DATA SHOWN START

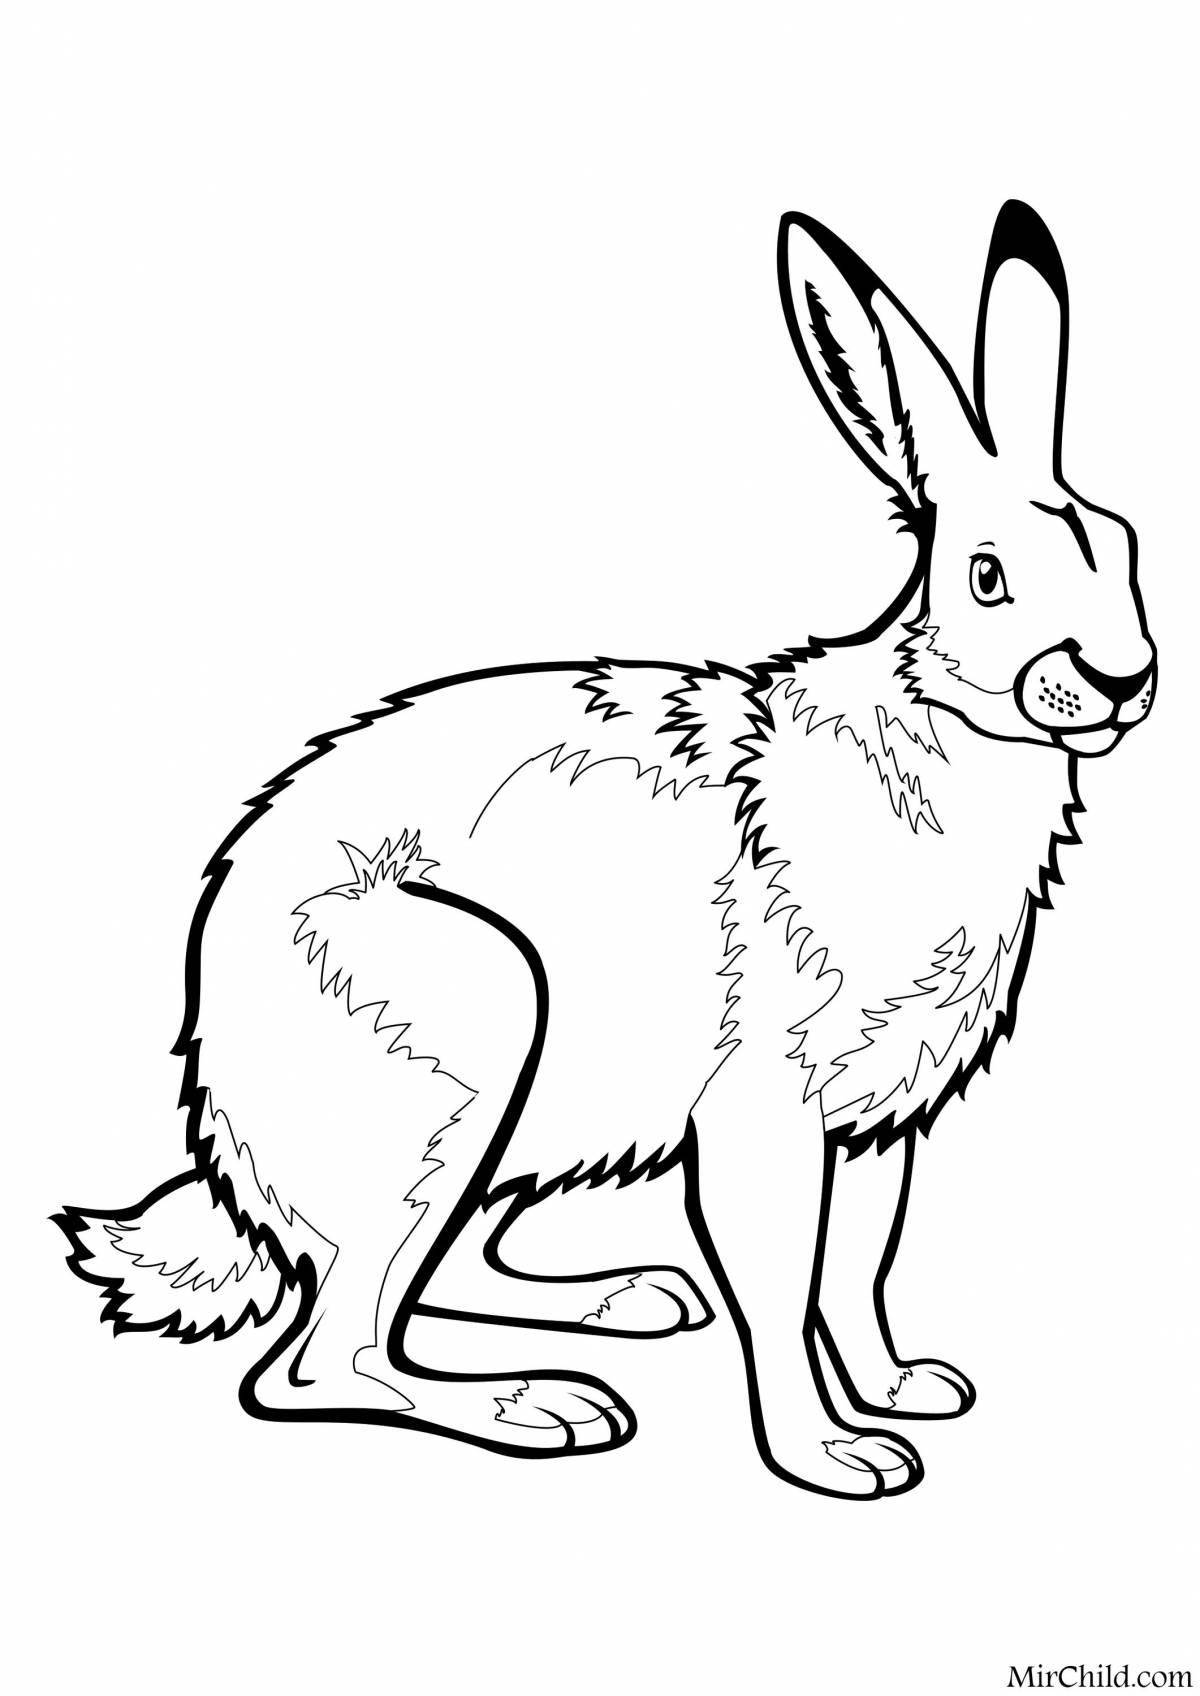 Coloring book calm hare
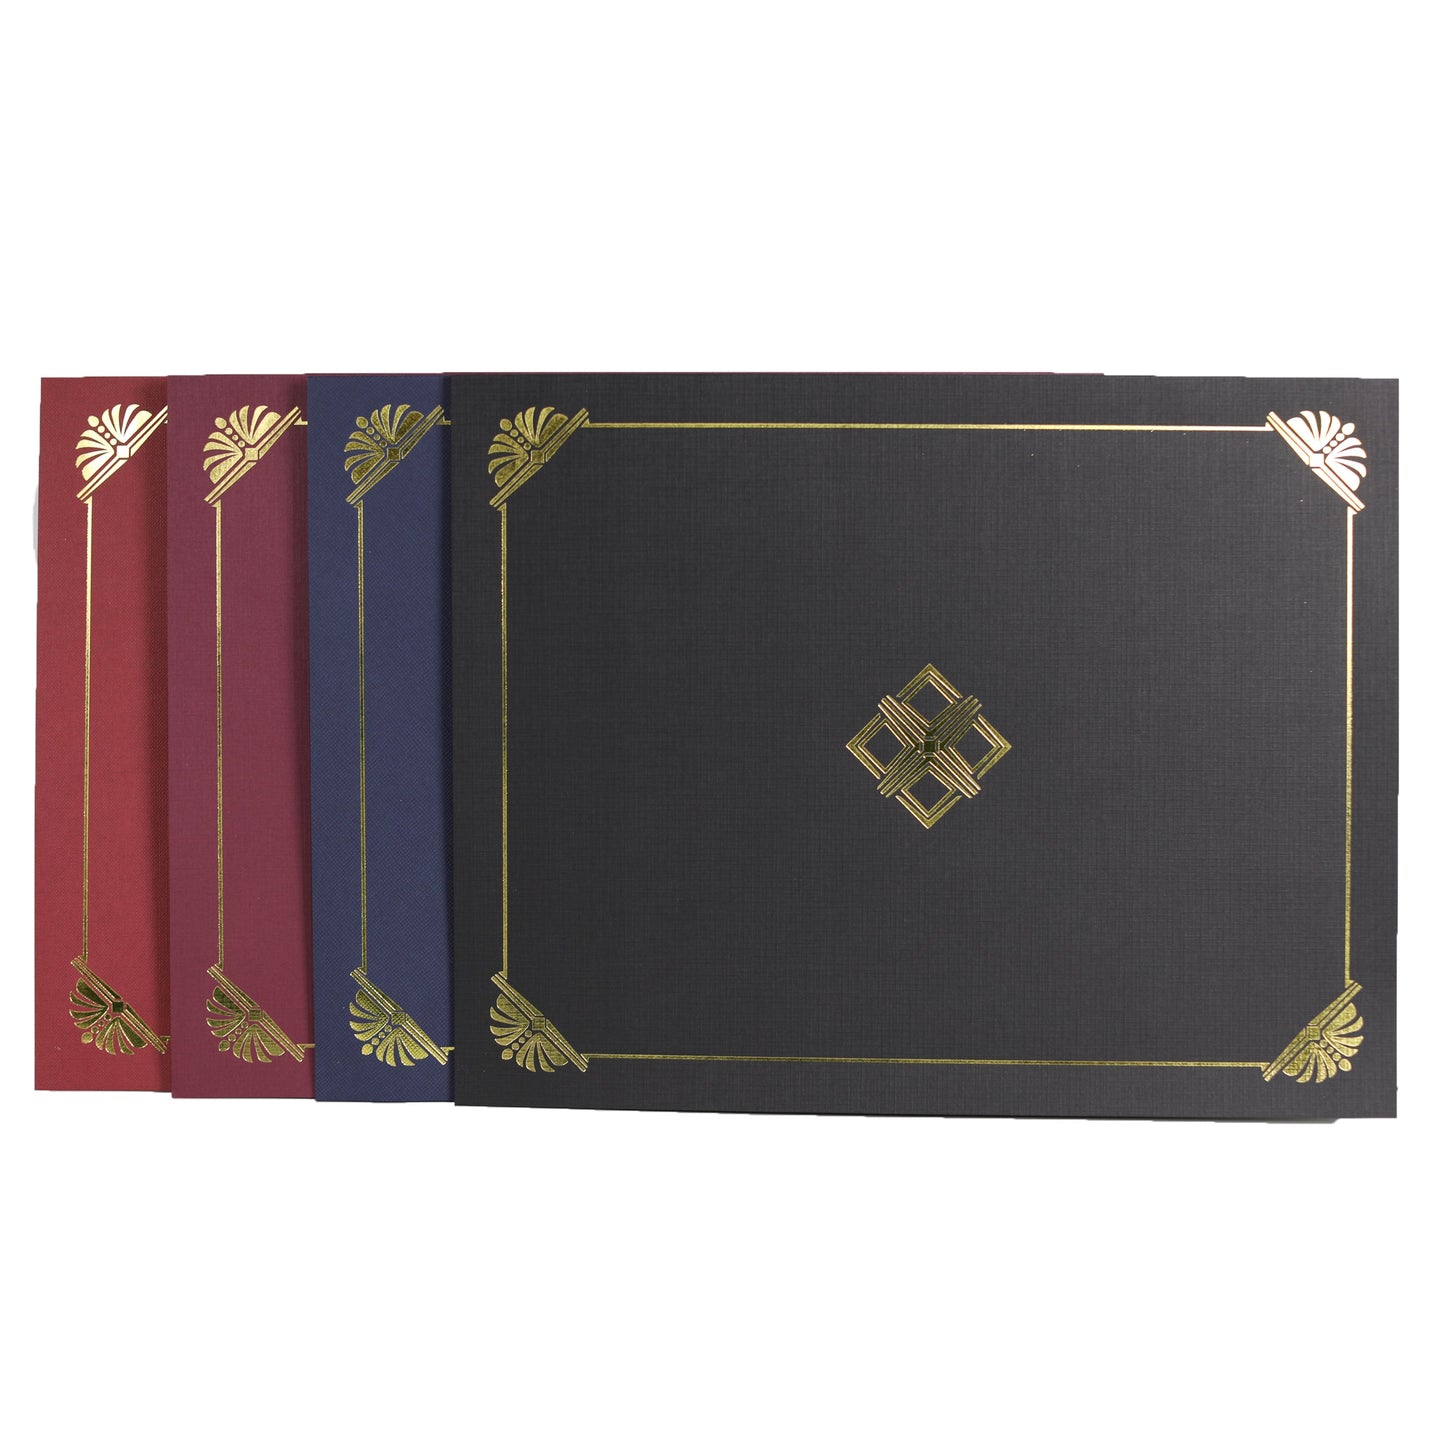 St. James® Certificate Holders/Document Covers/Diploma Holders, Black, Gold Foil, Linen Finish, Pack of 5
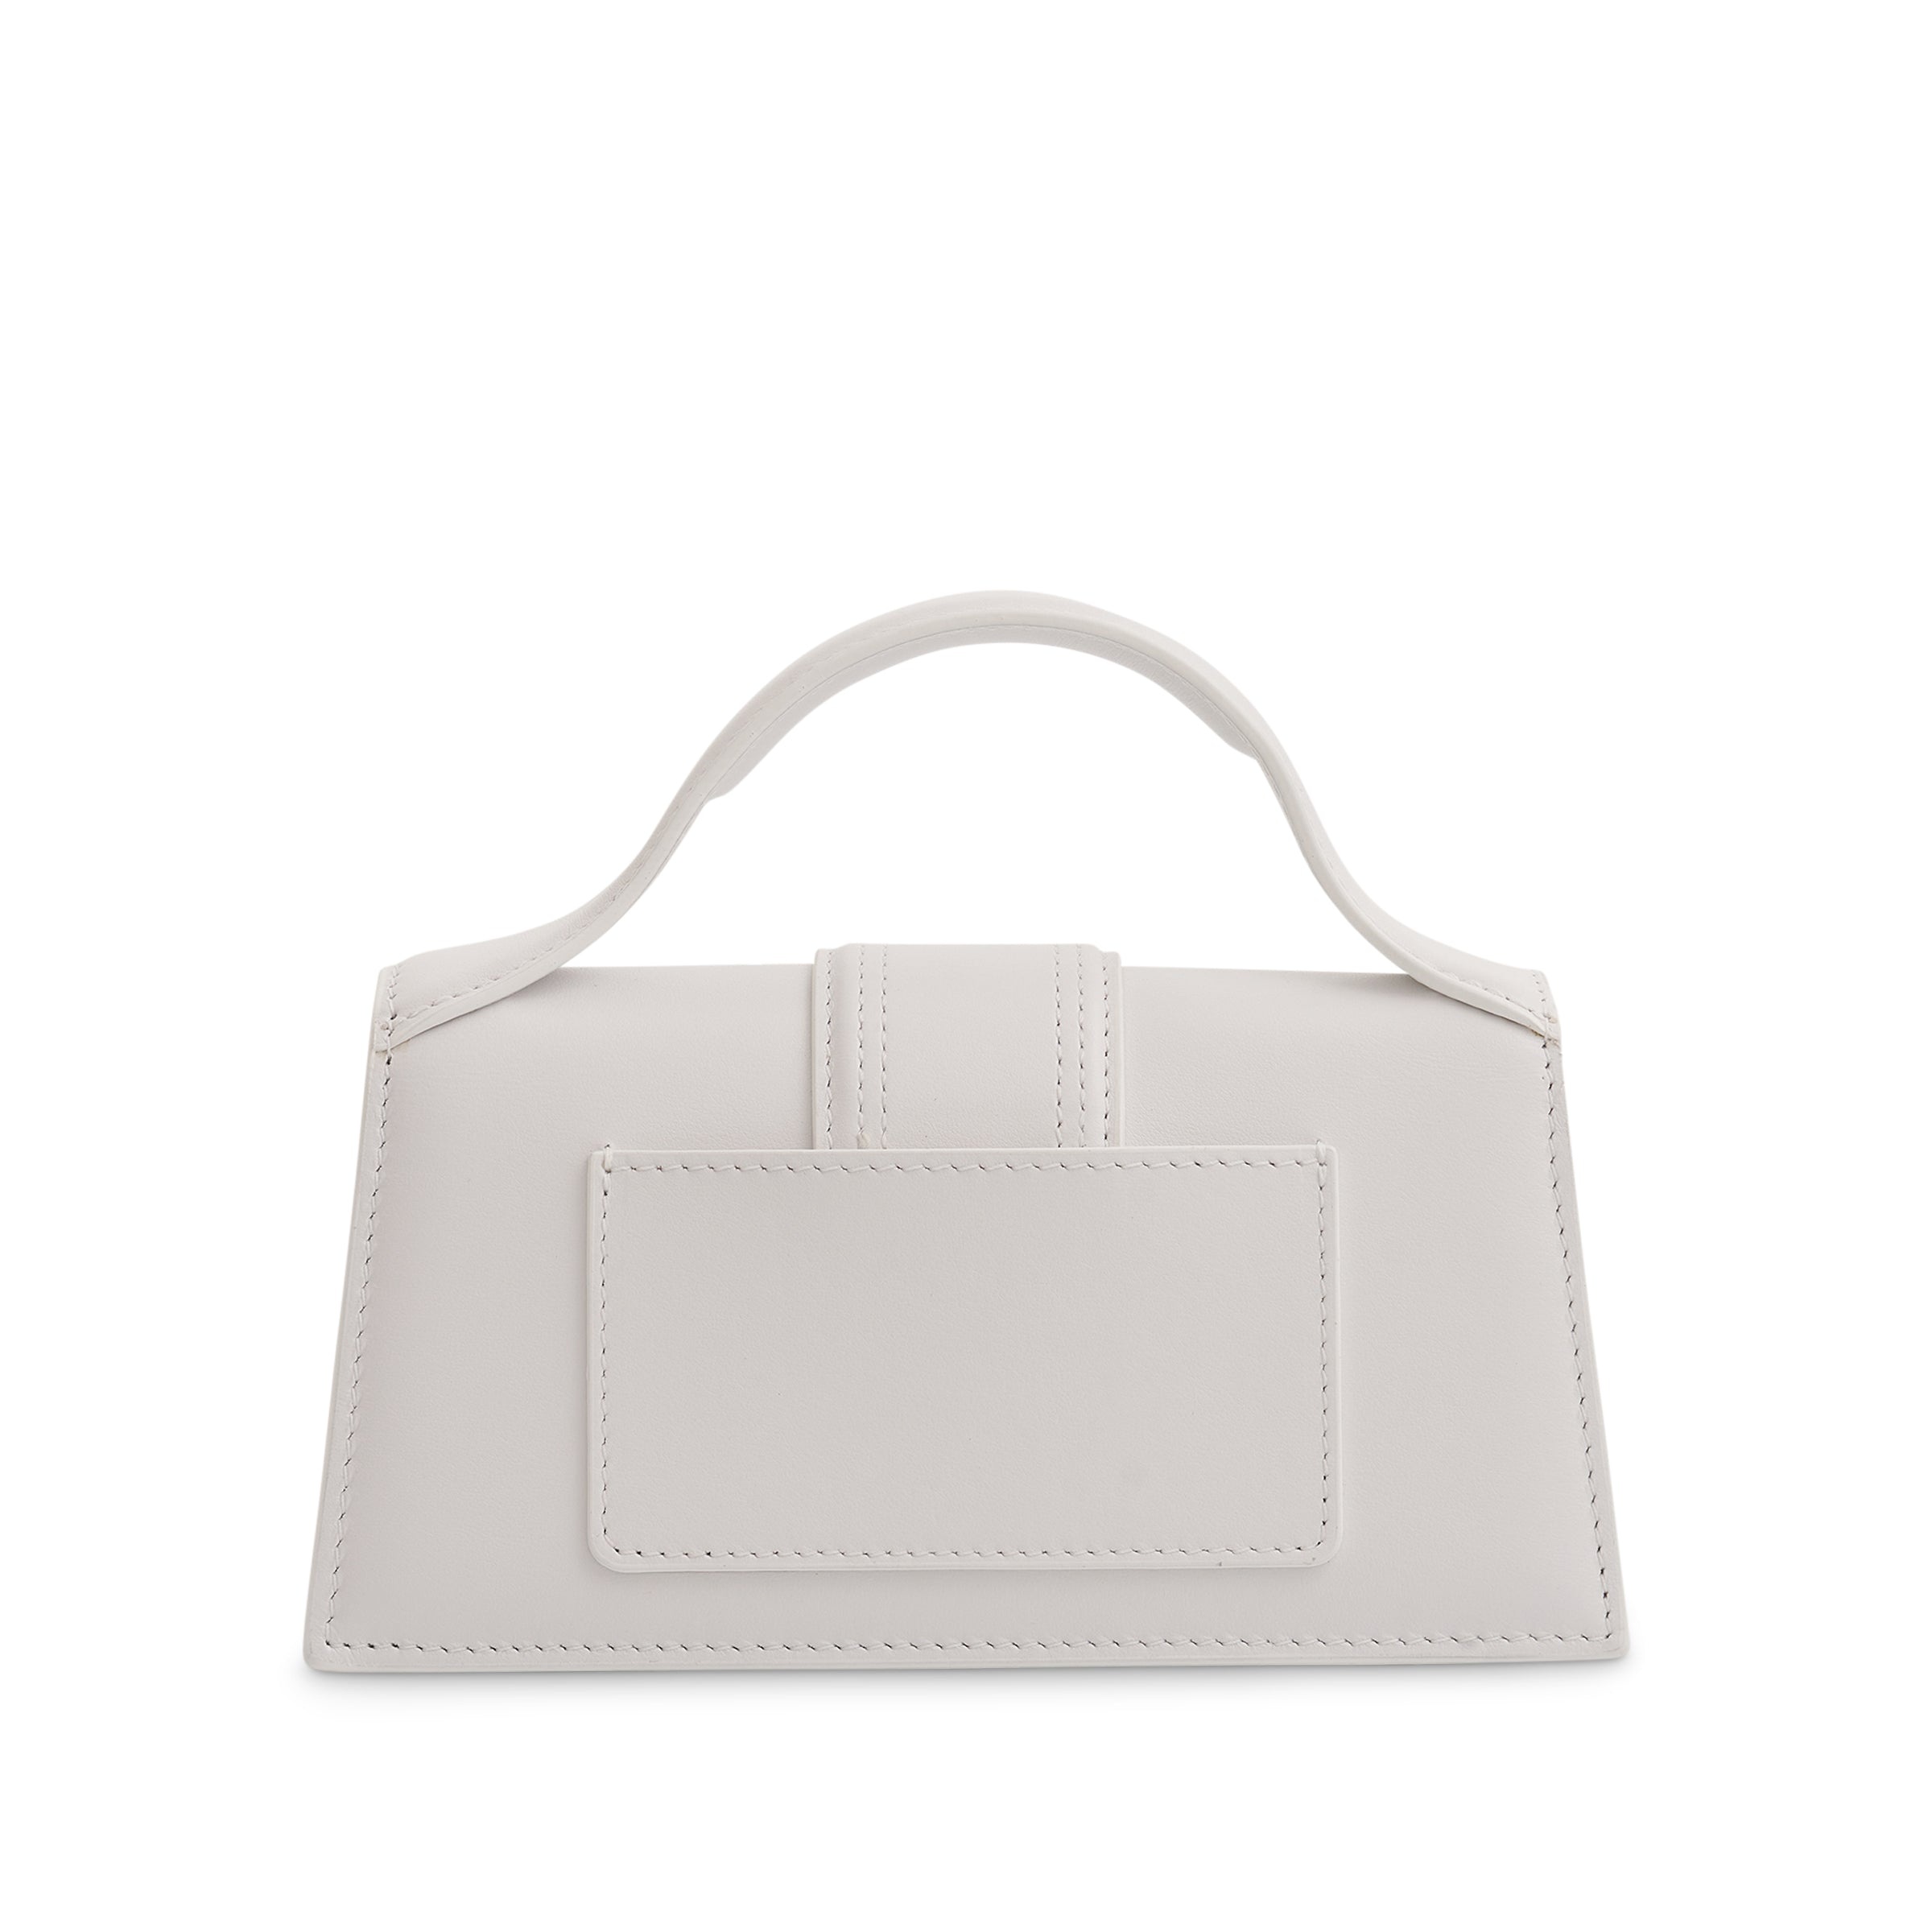 Le Bambino Mini Leather Bag in White - 4

DATA SHOWN END

Without any pictures, repeat the listing exactly.

OUTPUT FOR THIS TASK —
 Coloring book calm hare
 St. James® Certificate Holders/Document Covers/Diploma Holders, Black, Gold Foil, Linen Finish, Pack of 5
 Le Bambino Mini Leather Bag in White - 4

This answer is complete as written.